Una cremallera de leucina (o tijeras de leucina [1] ) es un motivo estructural tridimensional común en las proteínas. Fueron descritas por primera vez por Landschulz y colaboradores en 1988 [2] cuando descubrieron que una proteína de unión a potenciador tenía un segmento de 30 aminoácidos muy característico y la presentación de estas secuencias de aminoácidos en una hélice alfa idealizada reveló una repetición periódica de residuos de leucina en cada séptima posición a lo largo de una distancia que abarca ocho vueltas helicoidales. Se propuso que los segmentos polipeptídicos que contienen estas matrices periódicas de residuos de leucina existieran en una conformación alfa-helicoidal y que las cadenas laterales de leucina de una hélice alfa se entrelazaran con las de la hélice alfa de un segundo polipéptido, lo que facilita la dimerización.

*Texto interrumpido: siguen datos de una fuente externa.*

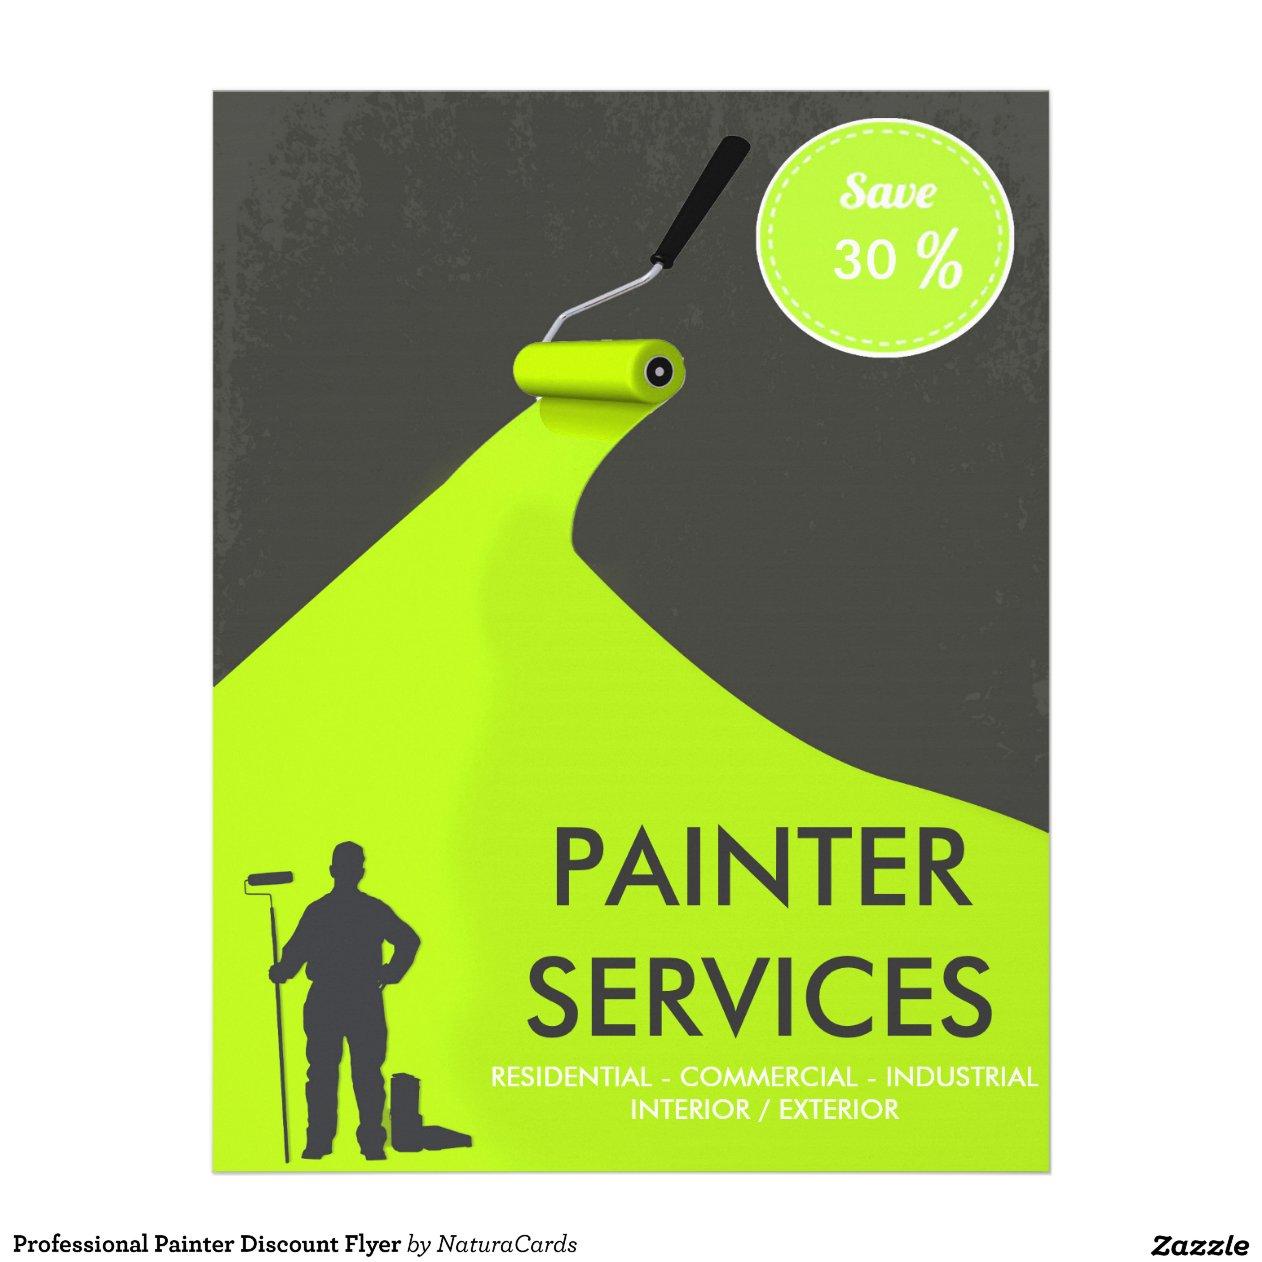 image regarding Benjamin Moore Printable Coupon known as Have on painter coupon / B-tan substantial rapids discount coupons

Las cremalleras de leucina son un motivo de dimerización de la clase bZIP (cremallera de leucina de región básica) de factores de transcripción eucariotas . [3] El dominio bZIP tiene una longitud de 60 a 80 aminoácidos con una región básica de unión al ADN altamente conservada y una región de dimerización de cremallera de leucina más diversificada. [4] La localización de las leucinas es fundamental para la unión del ADN a las proteínas. Las cremalleras de leucina están presentes tanto en proteínas reguladoras eucariotas como procariotas, pero son principalmente una característica de los eucariotas. También se pueden anotar simplemente como ZIP, y se han encontrado motivos similares a ZIP en proteínas distintas de los factores de transcripción y se cree que son uno de los módulos proteicos generales para las interacciones proteína-proteína . [5]

Secuencia y estructura

Otro dominio de unión al ADN, el dímero hélice-bucle-hélice (HLH), se muestra unido a un fragmento de ADN: cada hélice alfa representa un monómero.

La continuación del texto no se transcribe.